In JSON objects, the Owned property determines whether the parent is responsible for the destruction of the object. This property by default is True, meaning all contained instances are owned by their parent. This is why, usually, if you have a combination of various JSON objects, you free only the last parent.

Although not the fastest or the most standards-compliant on the market, JSON usability is important because other Delphi technologies, such as DataSnap, use it. Luckily, there are a lot of alternative JSON parsers for Delphi, if you find you have trouble with the standard one.

Other notable JSON parsers are the following:

  • SuperObject (https://github.com/hgourvest/superobject)
  • The one included in Delphi Web Script library can be found at https://bitbucket.org/egrange/dwscript/
  • A fast JSON parser from Andreas Hausladen can be found at https://github.com/ahausladen/JsonDataObjects

If your main concern is speed, then check out these alternative JSON parsers.

There are also a lot of serialization libraries that use JSON as a serialization format. In general, every parser has its own way to serialize an object to JSON. Find your favorite.
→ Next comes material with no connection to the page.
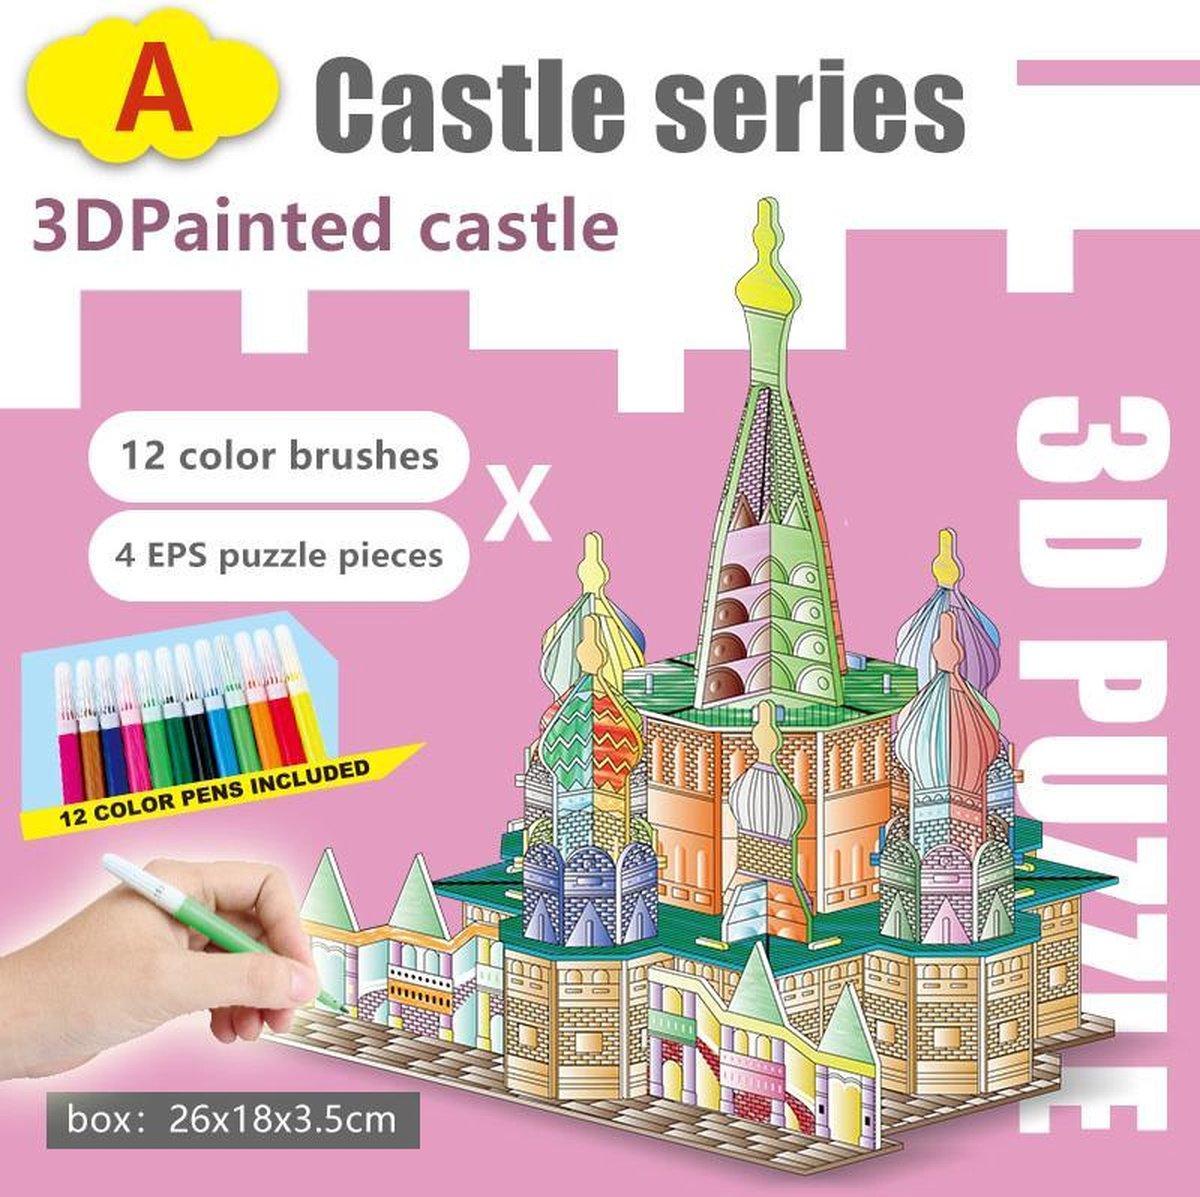 3D Puzzel ' Kasteel A&D 2 in 1 Set' Speelgoed voor kinderen - Jongens En Meisjes - Voertuigen - Villa - Kasteel - Tekenen - Kleuren - Knutselen - Vanaf 3 Jaar Oud - Leerzaam

Just as an example, in Chapter 5, The Thousand Faces of Multithreading, in the Using tasks to make your customer happy recipe, you will see an open source library containing a set of serialization helpers using the default Delphi JSON parser.

However, JSON is not the right tool for every interchange or data-representation job. XML has been creating other technologies that can help if you need to search, transform, and validate your data in a declarative way. In JSON land, there is no such level of standardization, apart from the format itself. However, over the years, there has been an effort to include at least the XML schema counterpart in JSON, and you can find more details at http://json-schema.org/.

One of the reasons JSON was chosen over XML (in transfer protocol scenarios) is that JSON results in less data for the same amount of information.